Now regarding the details of each answer, here are my -non exhaustive- initial thoughts:
A details :

• Status (e.g. red/yellow/green)
• Status comment (e.g. "All is good"/"Couldn't start component Foo"/"Starting")
• Version (e.g. v4.1.1-1)

B details:

• DB Status (e.g. red/yellow/green)
• DB details (e.g. "couldn't connect, bad auth", or connection ok to mySQL v4.1 at xxx.yyy.zzz:3306, schema version v34132, yes SQL schemas should be versioned (4) )
• Authentication/Authorization (e.g. LDAP connection to xx.xx.xx:389 ok)
• Data sources (e.g. Datasource 1, type Graphite, status Red, status comment "auth failure, Datasource 2, type Elasticsearch, status Green, status comment "all good")

There is much more that can go in B which is why breaking the monitoring into 2 end points might make more sense, meh.

As to how to go about what happens when the end point is being queried (on the fly, APIs ,etc), I would defer to who ever ends up implementing.

A couple of - obvious?- advices though:

• be very mindful of resources used to collect monitoring data and be very "protective" with the instrumentation code, help Grafana admins avoid "my monitoring of Grafana took Grafana down" or "Grafana has slowed down by X % since I started monitoring it" situations.

• be as certain as you can on the provided monitoring data, alert fatigue is a plague

(1) https://www.elastic.co/guide/en/elasticsearch/reference/current/cluster-health.html
(2) https://www.elastic.co/guide/en/elasticsearch/reference/current/cluster-state.html
(3) https://sensuapp.org/docs/0.23/api/health-and-info-api.html#the-info-api-endpoint
(4) https://blog.codinghorror.com/get-your-database-under-version-control/

So 4.2.0 just came out and there still is no way to probe the service? (think k8s cluster)
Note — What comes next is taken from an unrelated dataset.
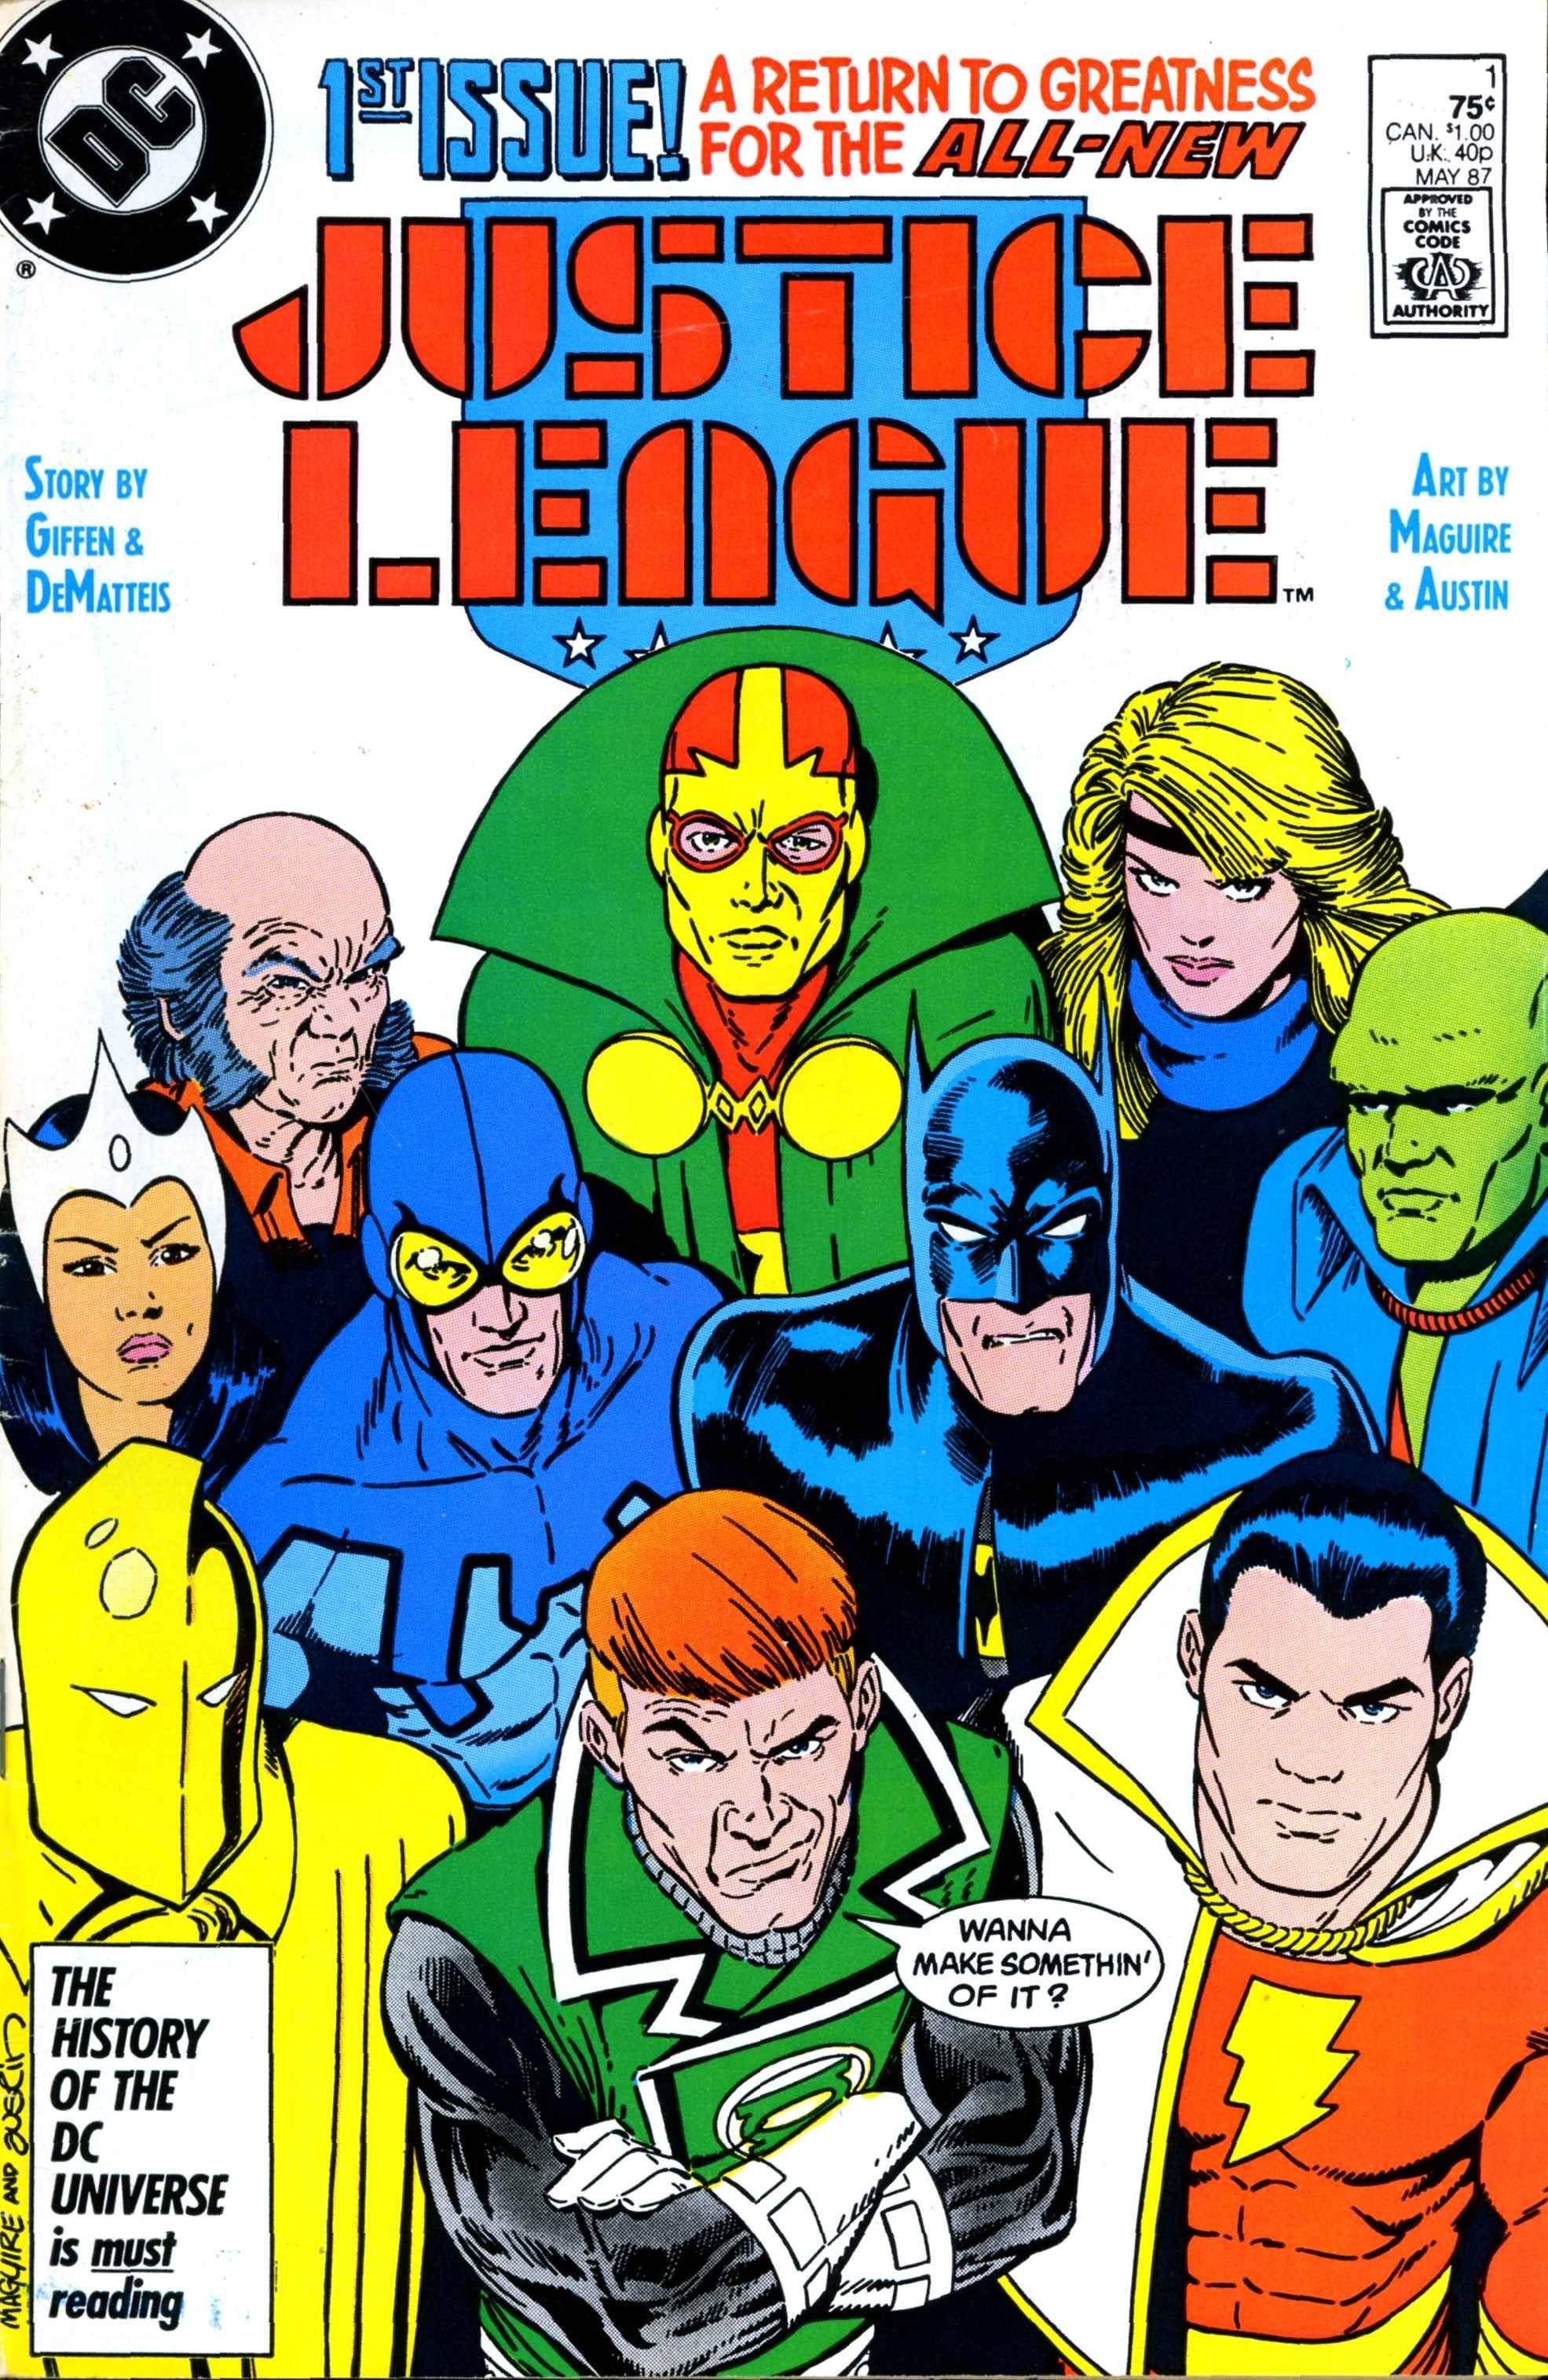 Justice League #1 cover May 1987

@torkelo I think @dynek has a point, this is not optional anymore. Whether it's a new section in the docs dedicated to "how to monitor Grafana" where what can be done today with the existing instrumentation (e.g. leverage admin or metrics page) is documented or a full fleshed dedicated API like in this proposal we need something yesterday.
Please don't take this the wrong way, I don't mean to tell you what the priorities should be, It's just that it's a tough sell for an application to be "Enterprise Ready" without a dedicated part to how to monitor it.

+1

Added a simple http endpoint to check grafana health:

GET /api/health 
{
  "commit": "349f3eb",
  "database": "ok",
  "version": "4.1.0"
}

If database (mysql/postgres/sqlite3) is not reachable it will return "failing" in the database field. Grafana will still answer with status code 200. Not sure what is correct in that case.

The most important thing about this endpoint is that it will never cause sessions to be created (Something other api calls might do if you do not call them with an api key or basic auth).

Wouldn't it be best to return with status code 503 when the database is unreachable?

Kubernetes uses:

Any code greater than or equal to 200 and less than 400 indicates success. Any other code indicates failure.

Yes, I think 503 status code when db status failed is best, will update

The 503 means the /api/health endpoint is best only used for the readiness check in Kubernetes. If this check is used for liveness a database issue will lead to all pods getting killed. Is there a query parameter to leave out the database check?

@JorritSalverda you could probably use tcpSocket check in livenessProbe

/metrics will not create sessions or issue a db request.

we typically have agressive readiness checks and relaxed liveness checks, 1 second, 1 fail for readiness, while it's 60 seconds 10 fails 1 success for liveness, this allows for responsive rerouting when there is an issue, but at the same time if self recovery is possible, prevents unnecessary pod restarts. But a persistent DB issue would cause restart which might actually help if it was due to some bad container state.